Any feedback from those who took the test this time around on the new exam format?

Does the test still seem to be split into an easier morning and a harder afternoon?

Does the new format appear to make the test easier somewhat or harder?


----------



## ndekens (Apr 28, 2009)

MadRasputin said:


> Any feedback from those who took the test this time around on the new exam format?
> Does the test still seem to be split into an easier morning and a harder afternoon?
> 
> Does the new format appear to make the test easier somewhat or harder?


I dont think your going to get much feedback for fear of the board monitoring this board. But yeah I like the new format better after taking this test 7 times. Get the NCEES practice exam for the new format it will show you what its like.


----------



## KEG (Apr 28, 2009)

I liked the new format much better. It was still a very challenging test and to me, I did better in the a.m. than the p.m. session.

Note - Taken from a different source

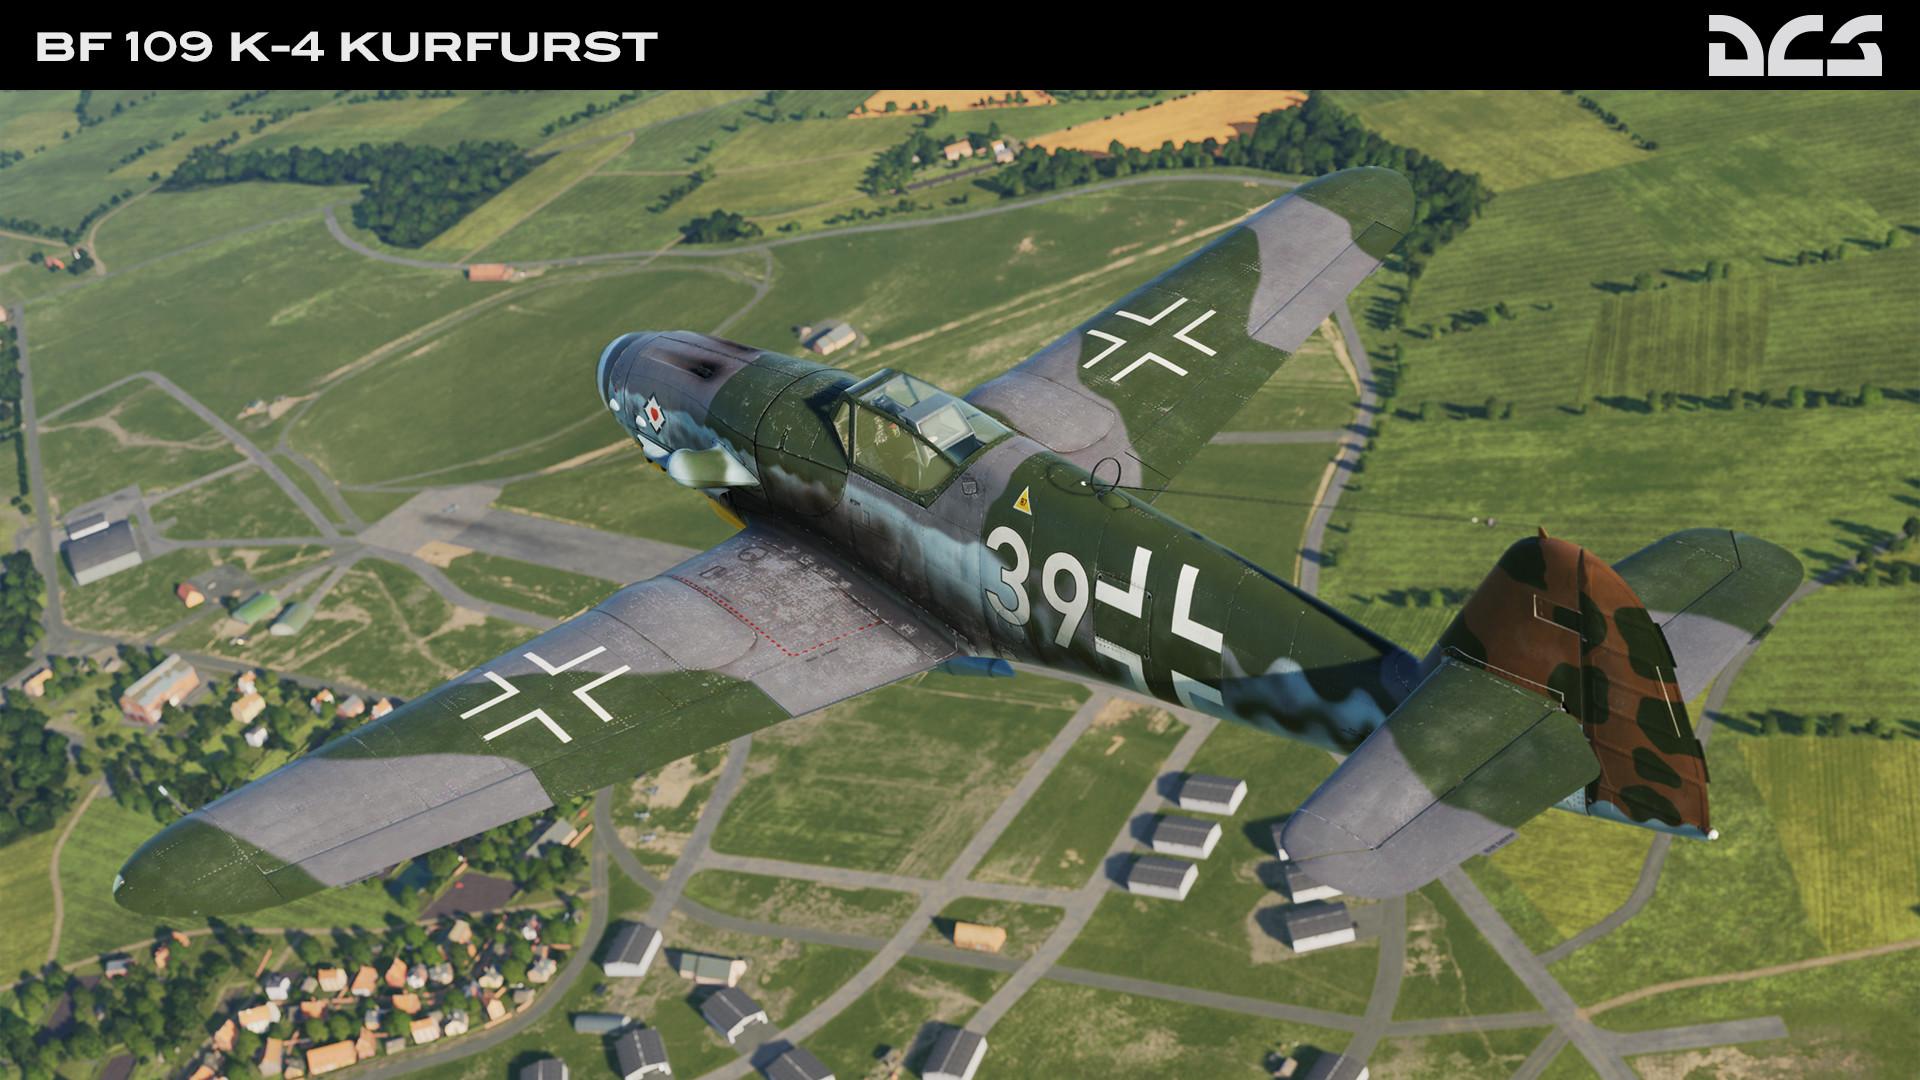 DCS: Bf 109 K-4 Kurfürst screenshot

Definitely get a copy of the NCEES sample exam and be more than comfortable using the 2008 NEC.


----------



## MadRasputin (Apr 28, 2009)

ndekens said:


> I dont think your going to get much feedback for fear of the board monitoring this board. But yeah I like the new format better after taking this test 7 times. Get the NCEES practice exam for the new format it will show you what its like.


Please, no test compromising feedback. Just looking for general feedback on the new format. I am sure I am not the only curious one on how the new test format worked out.


----------



## WantsPE (Apr 28, 2009)

This was my second attempt. I found the new syllabus a lot easier to study and to take the test.

I guess it depends on what you are more comfortable with. To me, I found the old syllabus too vast and I sucked at it. I scored a 67 last time and I thought I did a lot worse than that so I am hoping this time I score better since I feel better about the test.

The new syllabus makes more sense to me. I had a good feeling walking out of there at lunch but like the others said, I was exhausted half way through the afternoon session and I found myself spending a lot more time reading and trying to understand the questions in the afternoon. I don't know if they were necessarily more complex of I was just not as sharp in the afternoon.

To sum up, I would say the NCEES sample is the best source and the exam was closest to that than anything else that I used to prepare for the test.


----------



## Gerbera (Apr 29, 2009)

This time was my first attempt, so I have nothing to compare it to. I did feel that only having to review/learn power related material was helpful in narrowing my focus down a bit for studying. It seems overwhelming to me to have to study power + electronics + computer stuff, since power is a broad enough field as it is.

Like others, I do highly recommend the NCEES sample exam as one of the items you use in your study.


----------